Some photos of a two week trip in the Gulf Islands late September.




 Mt Baker in the back ground. 




A grey windy day and somewhat exposed anchorage but no problems


looking up Fulford Harbour, Saltspring Island from Russel Island


 Oil anchor lamp burns all night


When at anchor or mooring a snubber line from a block at the cranze iron keeps the mooring can away from the bobstay







The initial run issues with the Buhk engine injection pump have been sorted and there were no issues with the engine.


September is great, few boats out, cooler but wonderful weather, just a great time to explore home waters which can be busy during summer.


Met up with SV Moon Raven, another 34ft  Falmouth Cutter. the owner and Bryan from Channel Cutter yachts were just starting their voyage to Hawaii. It was great fun to see them and have both boats together. Unfortunately my lousy phone camera did not capture a good imagine of the two boats together,




 Crocker designed SV Macaw at the same anchorage and we all had a wonderful visit and time.

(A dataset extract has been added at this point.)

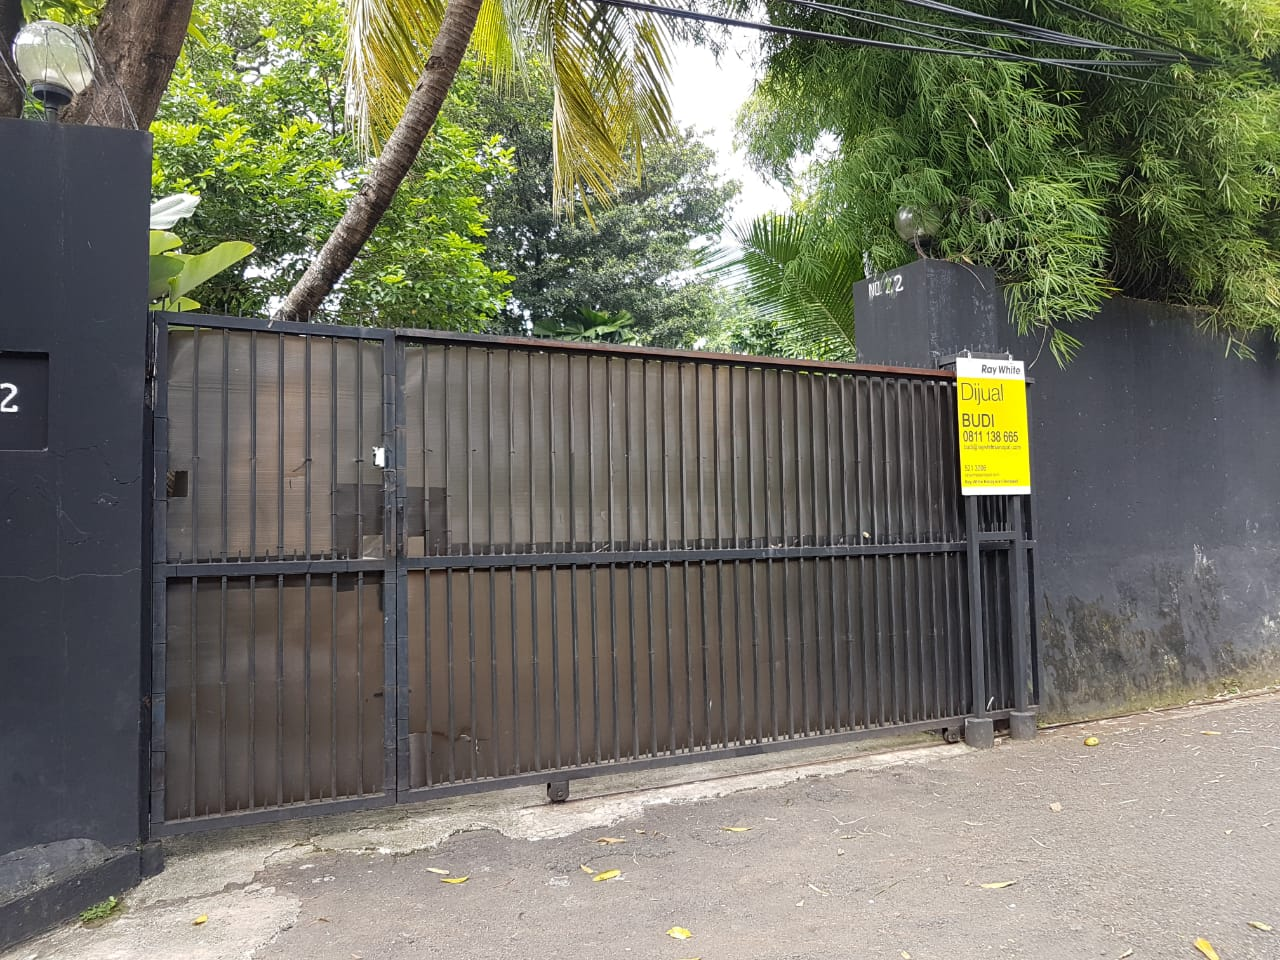 DI JUAL RUMAH DI CILANDAK, JAKARTA SELATAN
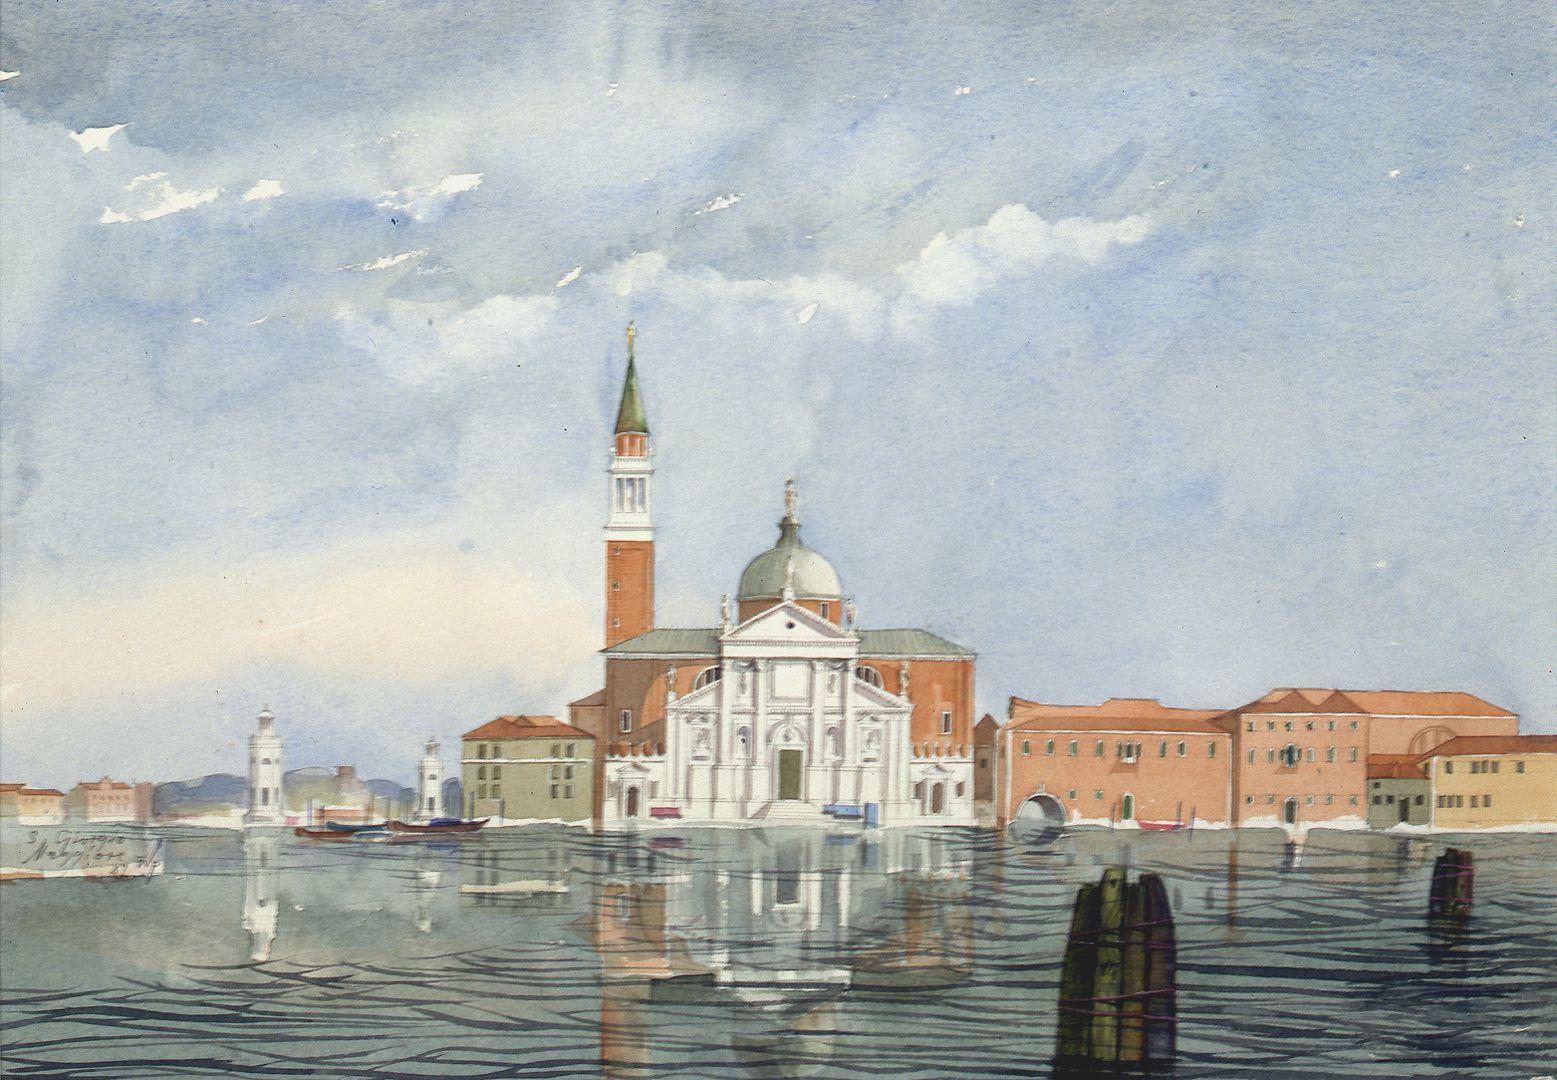 San Giorgio Maggiore (Venedig) Ufersituation mit Kirchenbau von Andrea Palladio, links Hafeneinfahrt der Insel

Added the thimbles at the fwd lower shroud for the lifeline. A nice little job to do at anchor.


Made the boarding step for getting in and out of the dinghy. Bare red cedar with foam and canvas bumper bronze ring nailed around the edge




Thursday, September 13, 2018

Bowsprit Net


Made the bowsprit net and bowsprit cover. The cover is the usual Sunbrella canvas and leather. It just covers the varnished portion and has a "cap" to go over the end of the bowsprit.

The bowsprit net is 7/16" New England Rope 3 strand vintage Dacron as is the life lines, canvas lines and other lines other than sheets and halyards which are plain white 1/2" New England three strand Dacron. I lashed the net with No. 21 tarred seine twine. It is a smaller diameter and good for these small lashings. The fore and aft lines are spliced to Port Townsend Foundry pad eyes at the bulwark.


Cover and net complete.


That chain bobstay is temporary as I wait to get the spliced one.


Fore and aft lines are seized around a bronze thimble.


Pad eyes at the bulwark. 


Bowsprit cover is in two pieces and tied together. Will save a bit of work in maintenance.